Anyway. Thinking about joining the Navy as an underwater medic. Small chance of getting in really. Then again, you have to be chosen. You don't get to choose these kind of things. The only thing you can do is to /express interest/, and we all know know how much that works in here...it's not that reliable at all.

Either way, it would be pretty cool. Well at least it sounds cool. I'm gonna ask all about it when the Navy guys come down for the talk. I won't even need to try to stay awake. I'll be wide awake hahahahaha. Got chance to change colour...

Saturday, 18 April 2015

:/

The youngest ward mission leader in Singapore spends his whole Sunday in church with little time to himself before booking in to camp to live a whole new week of worldliness forced upon him.

Why is it so tough?
Tired everyday, without the luxury of time. Saturday is pretty much the only day that I'm "free", but even then there's ward correlation meeting at 3pm and then Institute at 4pm to 5.30pm.

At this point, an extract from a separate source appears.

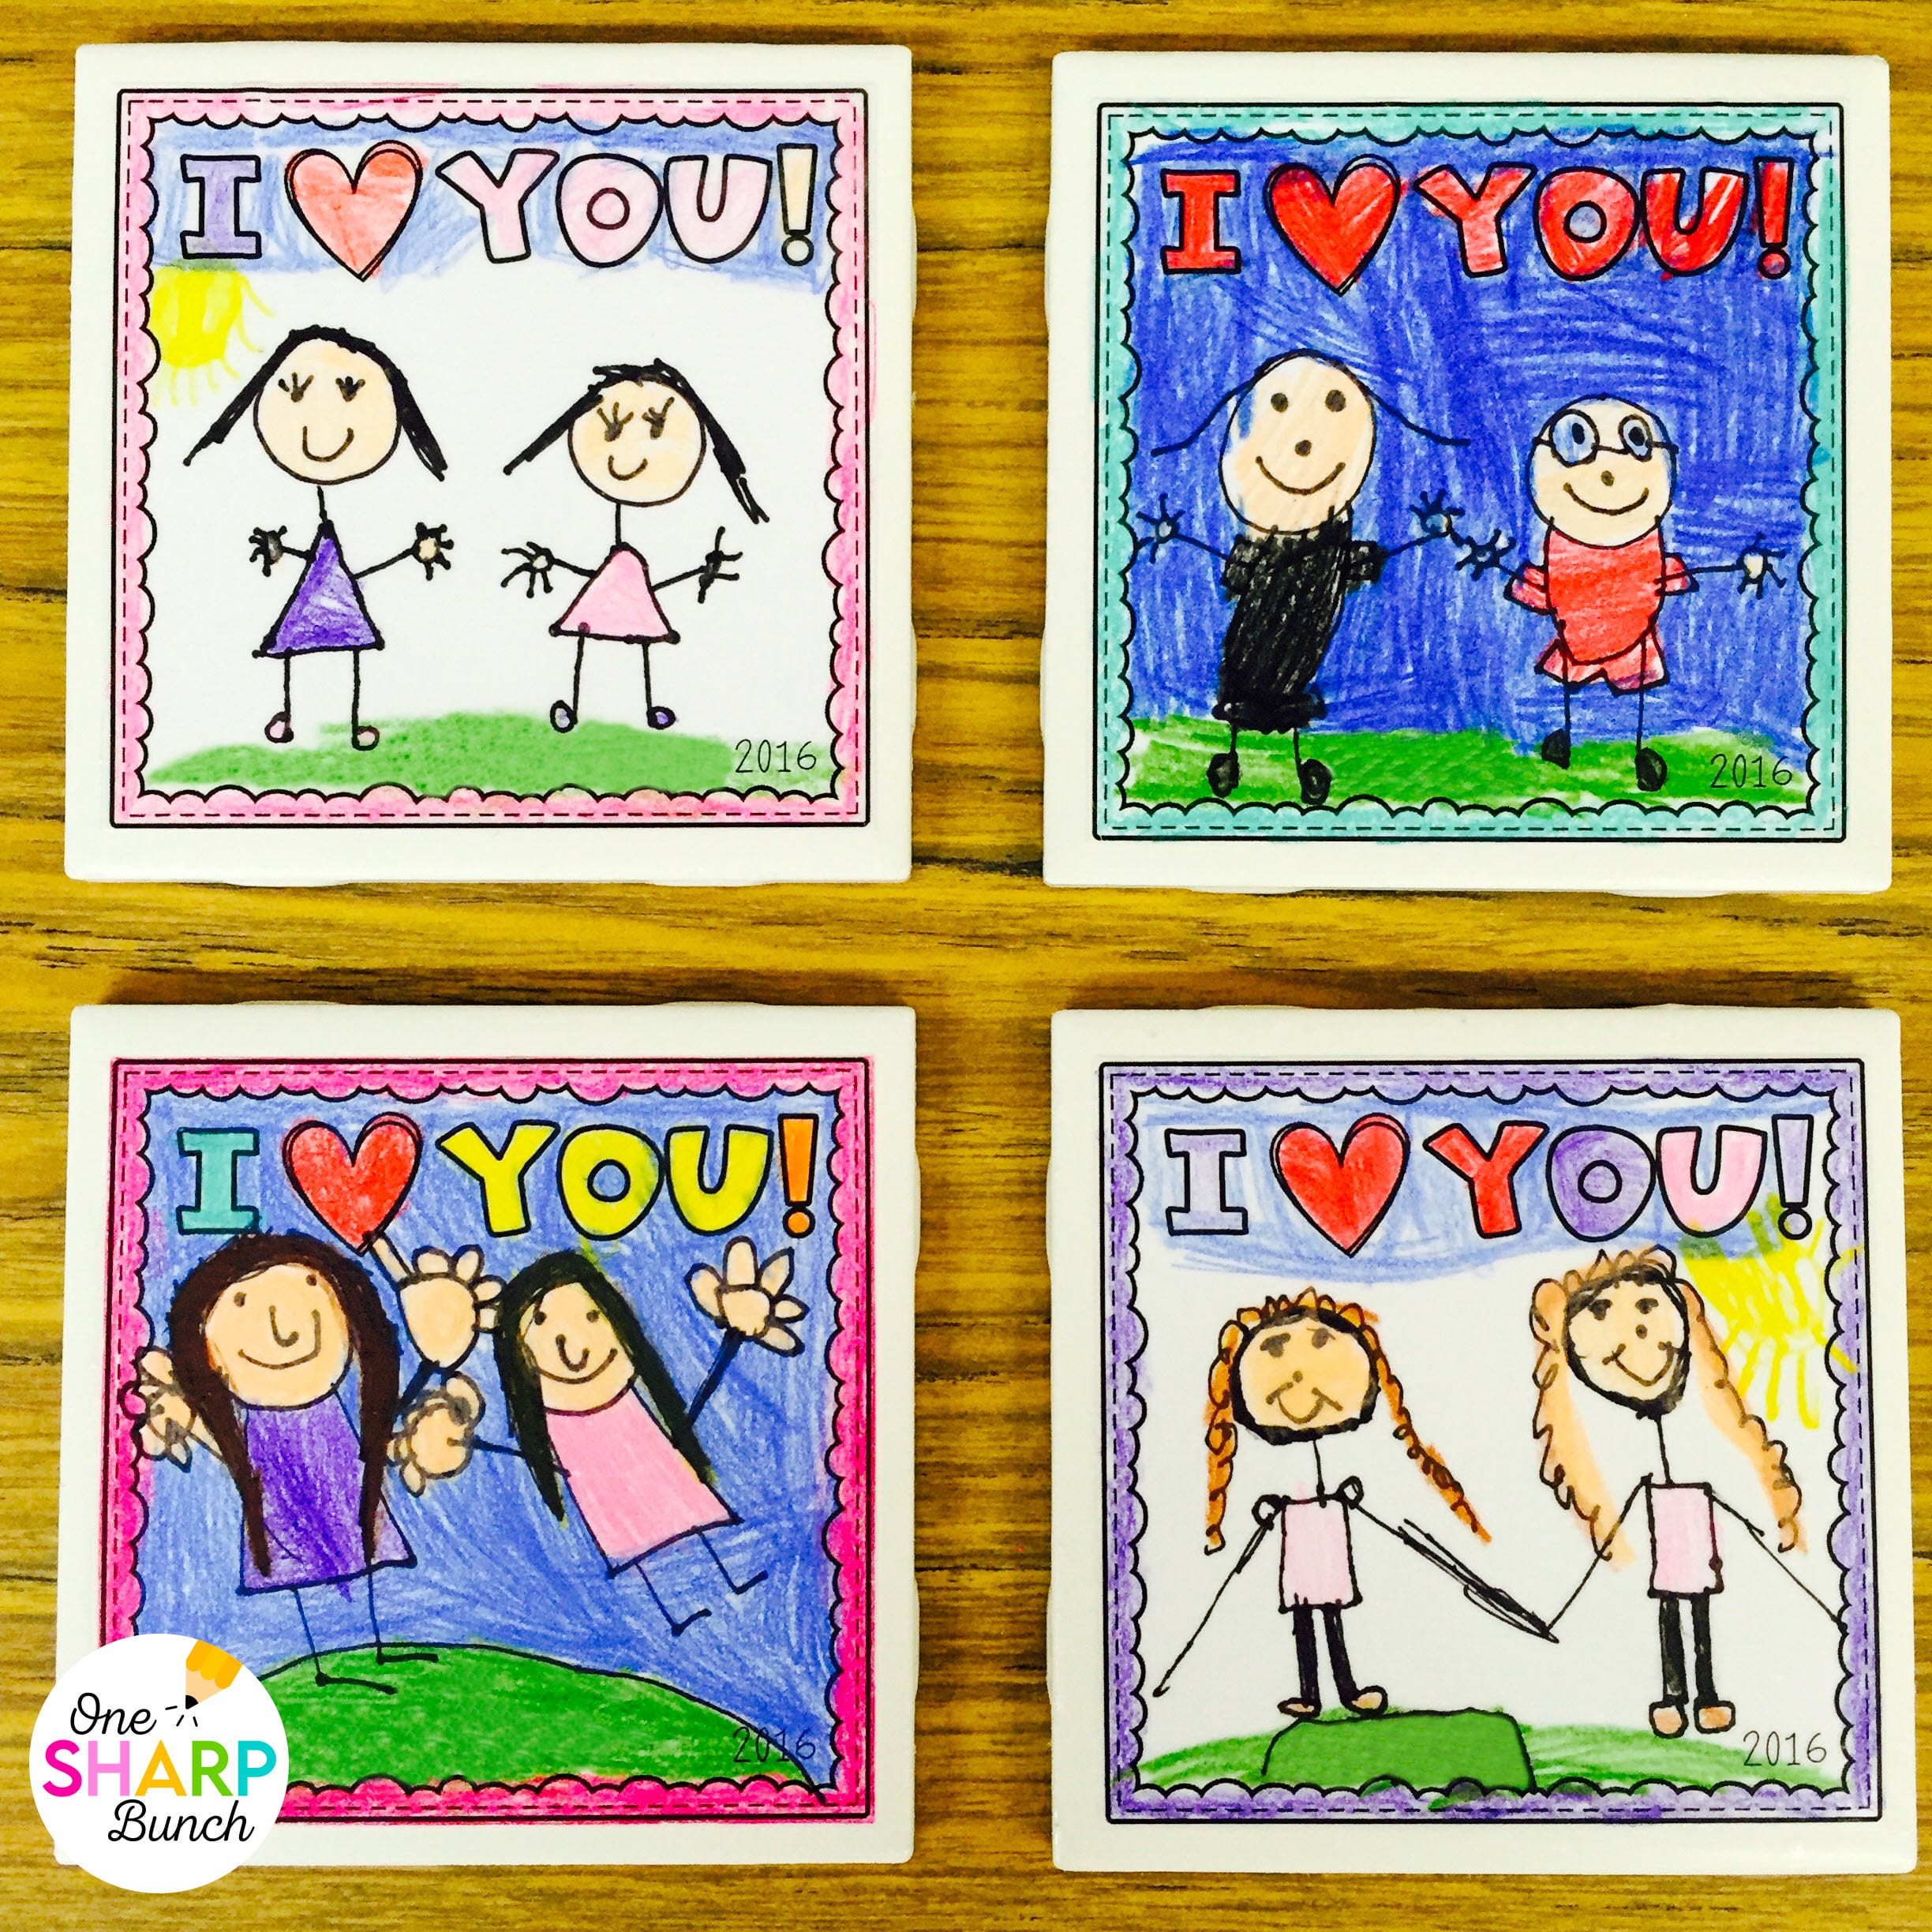 DIY tile coasters make the perfect Mother’s Day gift or Father’s Day gift from kids! These simple Mother's Day crafts or Father's Day crafts make the cutest homemade gift for Mother’s Day and gift for Father’s Day. With just Mod Podge, ceramic tiles, and a few classroom supplies, you can create this adorable DIY Mother's Day gift. This budget friendly craft for Mother's Day or Father's Day will be a treasured keepsake! Learn how to make these DIY tile coasters for Mother’s Day and Father's Day!

Seriously, sometimes I wish I can just take a break from all this stuff...but I can't...this is really called suck thumb sia...

But that's not the only thing bothering me. Lately I've been feeling lonely. Weird since I'm always surrounded by people, but nonetheless, still lonely. Reminds me of Bublé's "Home" which sings "may be surrounded by a million people, I still feel all alone".

Saturday, 11 April 2015

Punk.

My section mate is weird.
So freaking weird.

He's annoying, a pain in the butt, and everybody dislikes him. Best of all? He sleeps beside me.

He stepped on my bed. (Oh yes he did)
He steals my snacks.
He snatches my snacks.
He threatened me repeatedly to empty out my foot locker (which has all my snacks).
He doesn't bring any hangers (I even lent him 2 because he didn't have any at first, but I took them back because he's too LAZY to bring his own, saying it's for weak people).
He leaves his clothes ON the table that the whole bunk shares to air.
He talks a whole bunch of nonsense.
He annoys people (especially me) with his cursed attitude.
He thinks he's the best.
He doesn't wipe dry after a shower (saying that he'll offend the water god).
He thinks that everyone in this course is the "worst medic in the world".
He speaks a derogatory language, calling people fools, and many more, among his wide range of limited vocabulary.

Just because you studied biotech in poly, it doesn't mean that you're the best cadet here.

He really gets on my nerves.
I might end up punching him for real some day.

When we counter his arguments, he just says "shut up lah (insert name), noisy sia you".

This week he didn't bring his rank and formation tab because his "maid put it somewhere else, f*** her". Wow. Just...wow. You don't do your own laundry, you don't fold your clothes even, and you're blaming someone else for something YOU forgot? I have tolerance for most people, but not people like you. Prideful punk. How the heck did you even get a girlfriend. How does she live with you. What does she even see in you, my goodness.

There was this one occasion where he said he was going to falcon punch me (seriously...), and I dared him. He faked a punch, I stepped back once, and said "scared for what. See this (pointing to his rank), it means that you're lower than me. And I wasn't even going to punch you. It means you're scared of "nothing"."

I pointed to my rank and said that it's the same as his, so I'm not lower than him. I faked a forward step at him a with a clenched fist at my waist, and he retreated three steps and protected his face with both arms (he really did). I said to him "wow you're the one who is scared".

He said some other stuff that I don't remember now. But yeah. I really can imagine me punching/kicking him someday. And I see him holding it in while lying on the floor in a fetal position. And no I'm not kidding, I really have it in me to do something like that. It's already week 4 and I'm wondering how I haven't done it already.

So who is this guy?
He's the one that sleeps beside me everyday.